- [Source material]:

══════════════════════════════

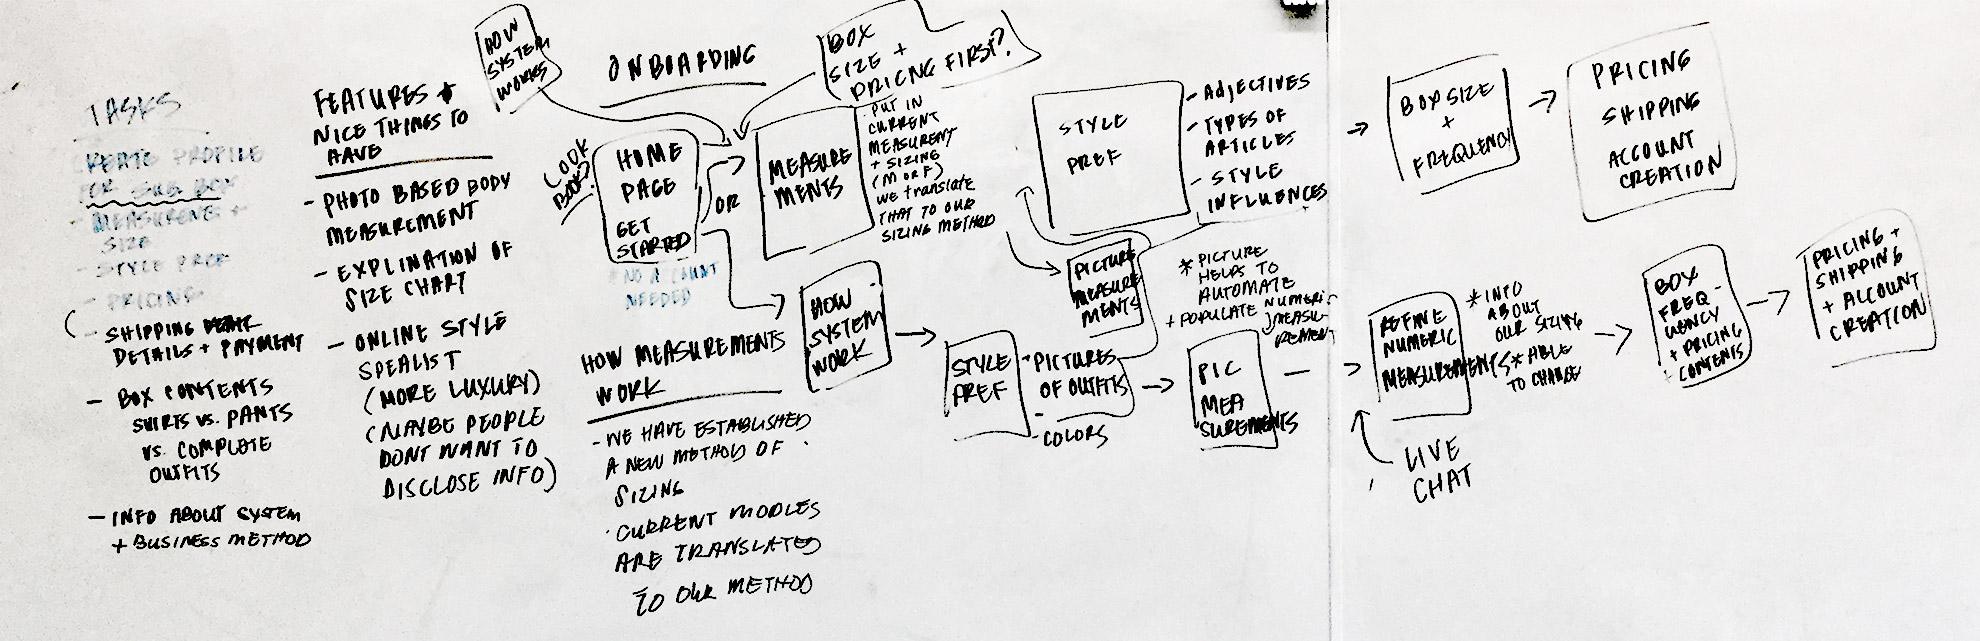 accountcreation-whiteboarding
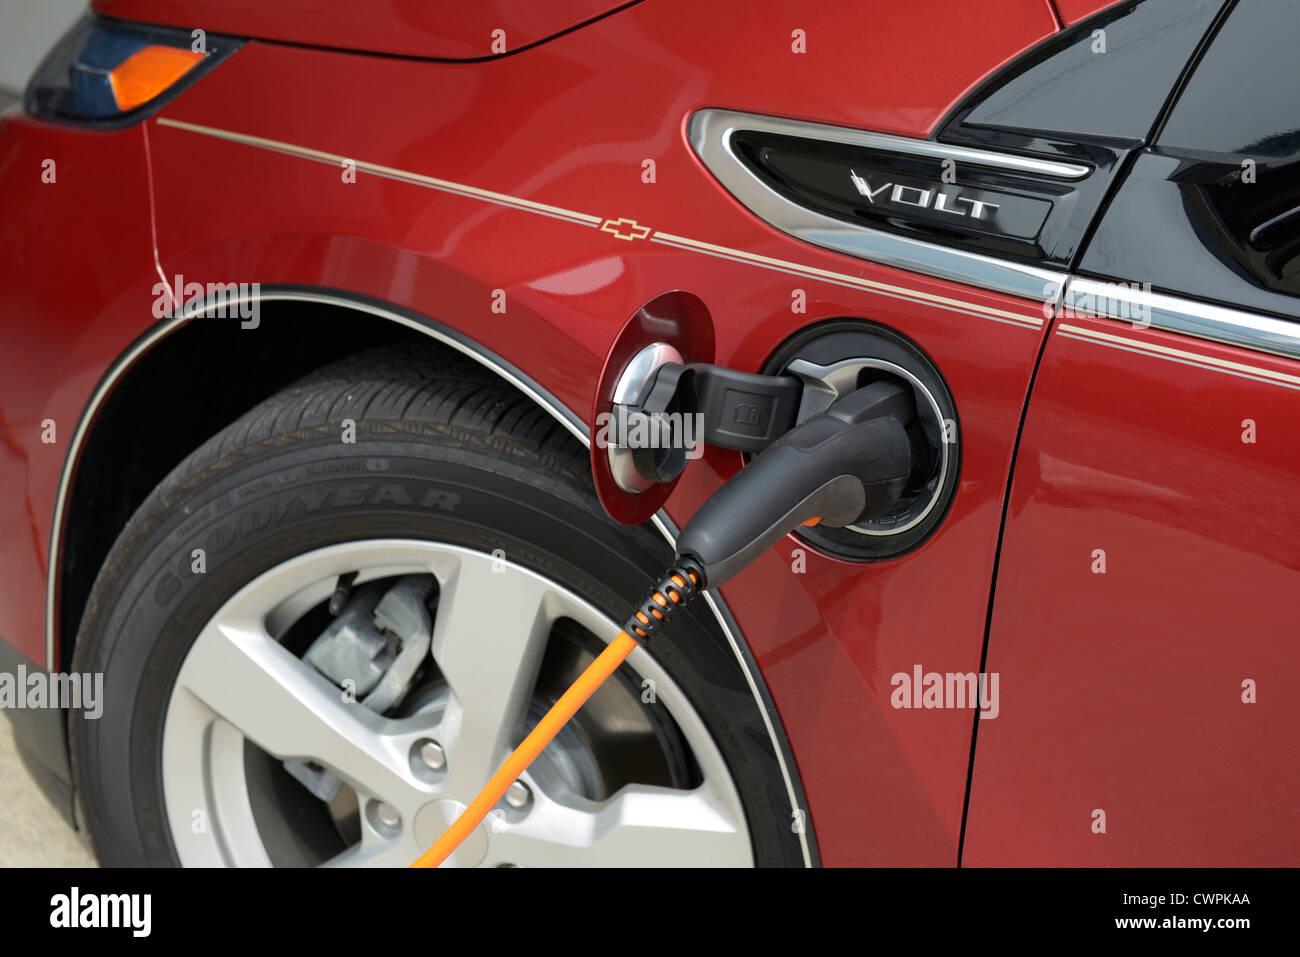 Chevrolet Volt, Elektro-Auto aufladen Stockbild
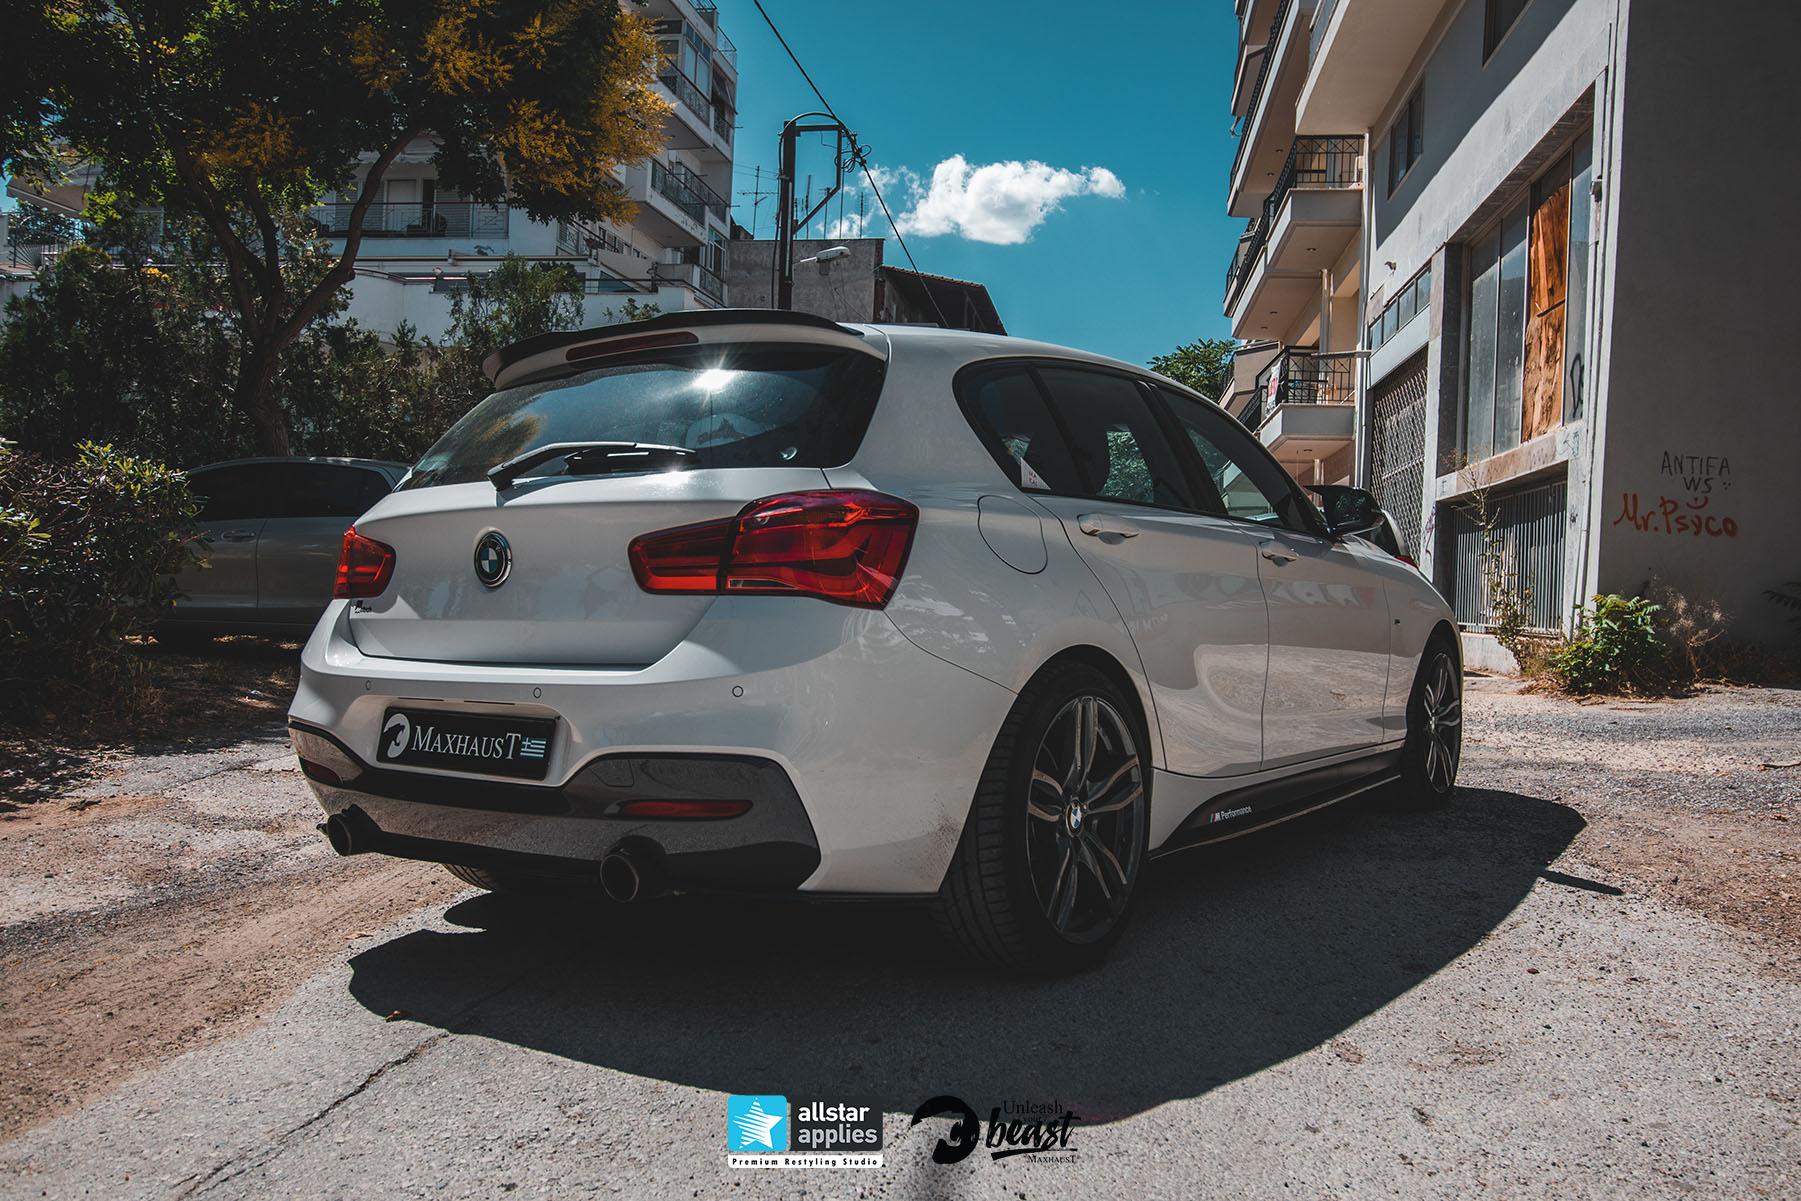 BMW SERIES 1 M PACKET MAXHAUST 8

══════════════════════════════

- [Work to be completed]:
Beginning with the line containing "Chevrolet Volt, Elektro-Auto" and ending with the last line of the material, output each line exactly; do not include pictures.

- [Output below]:
 Chevrolet Volt, Elektro-Auto aufladen Stockbild
 BMW SERIES 1 M PACKET MAXHAUST 8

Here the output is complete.